■ Action item:
Look below for the line containing "Symbolbild Motorik: Baby"; from there, print each line exactly up to and including the line containing "日立(ひたち)うるおいチルド 冷蔵庫 R-V38KVの商品画像6", and stop.

■ Extracted data:
------
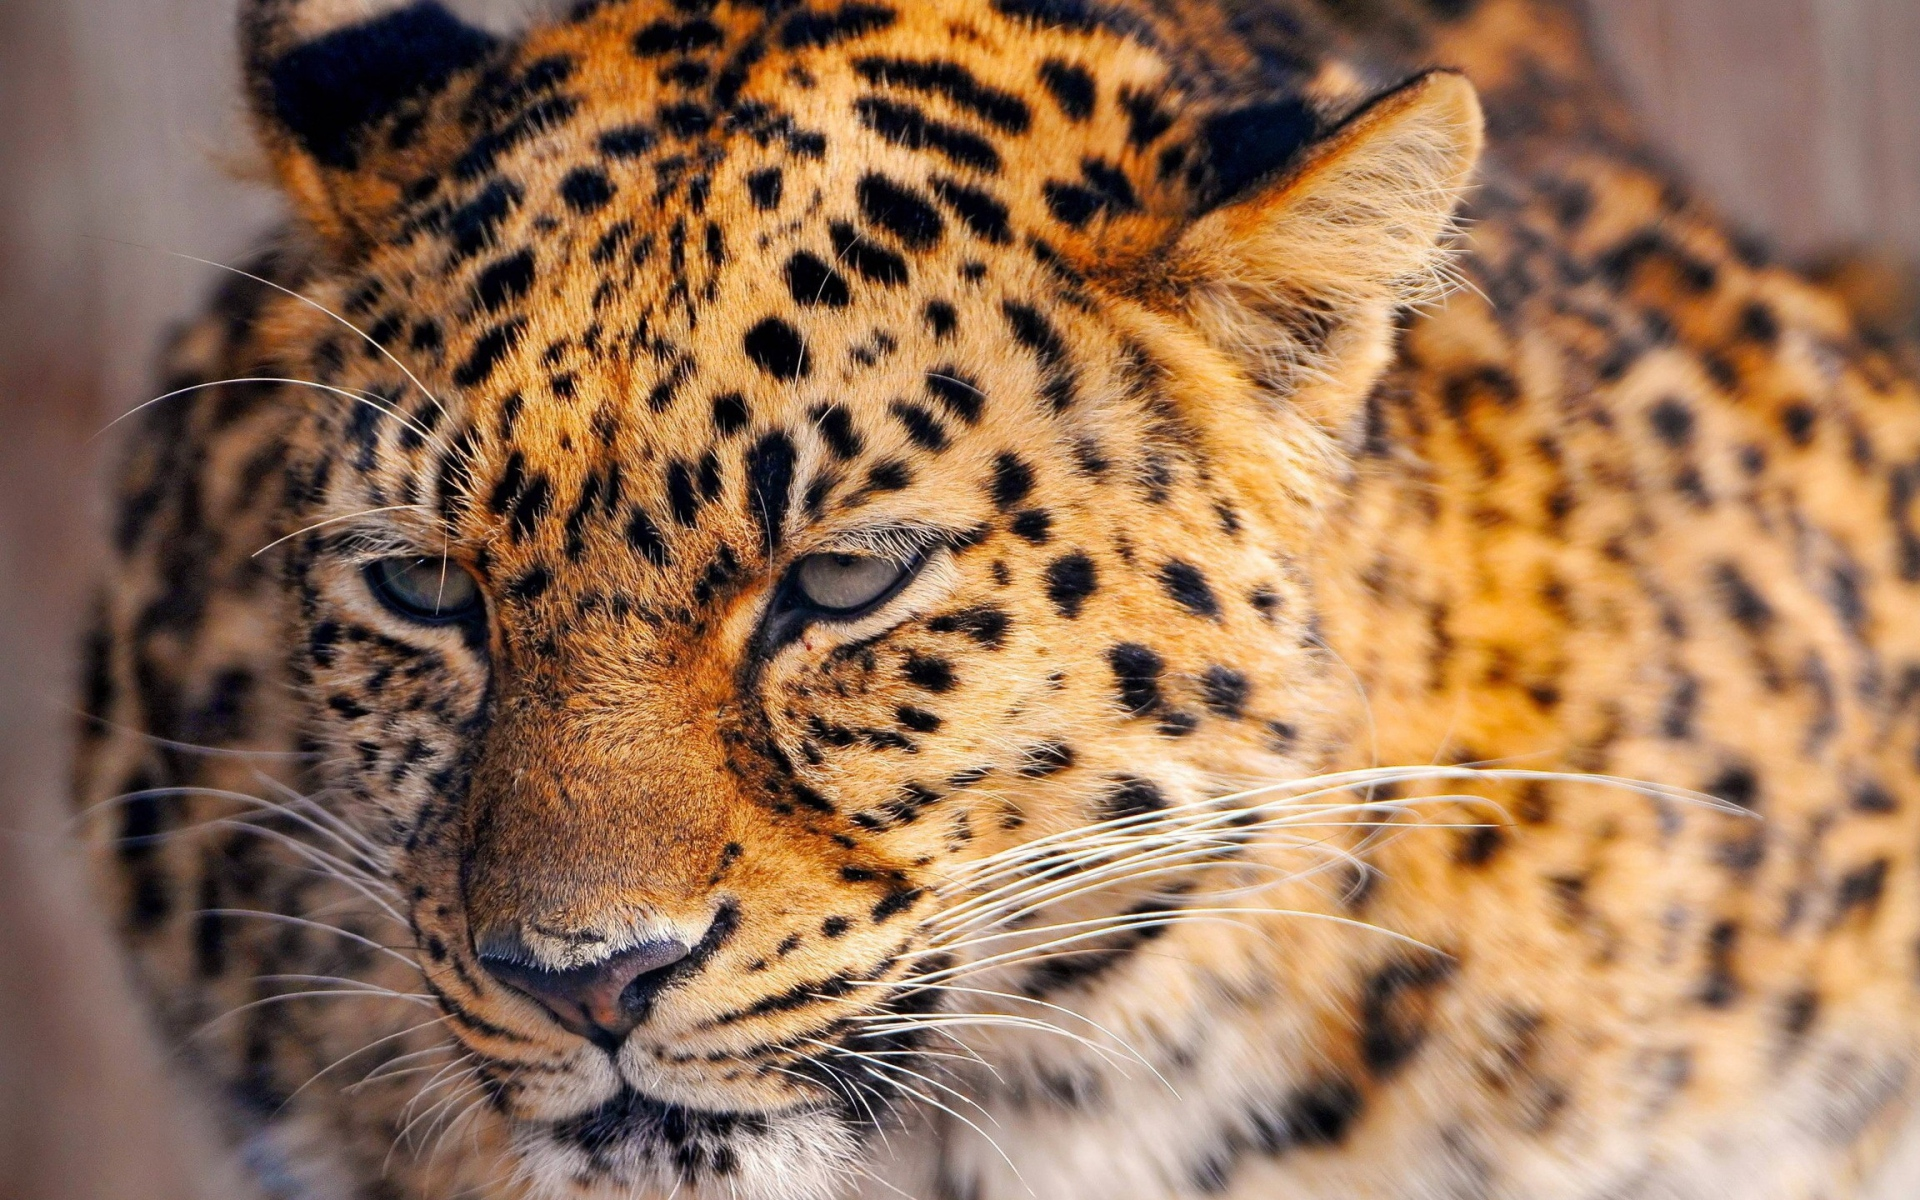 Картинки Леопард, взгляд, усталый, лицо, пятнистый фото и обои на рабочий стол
------
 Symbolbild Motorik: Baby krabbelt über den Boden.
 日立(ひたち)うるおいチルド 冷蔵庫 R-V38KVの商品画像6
------
■ Output of the task:
 Symbolbild Motorik: Baby krabbelt über den Boden.
 日立(ひたち)うるおいチルド 冷蔵庫 R-V38KVの商品画像6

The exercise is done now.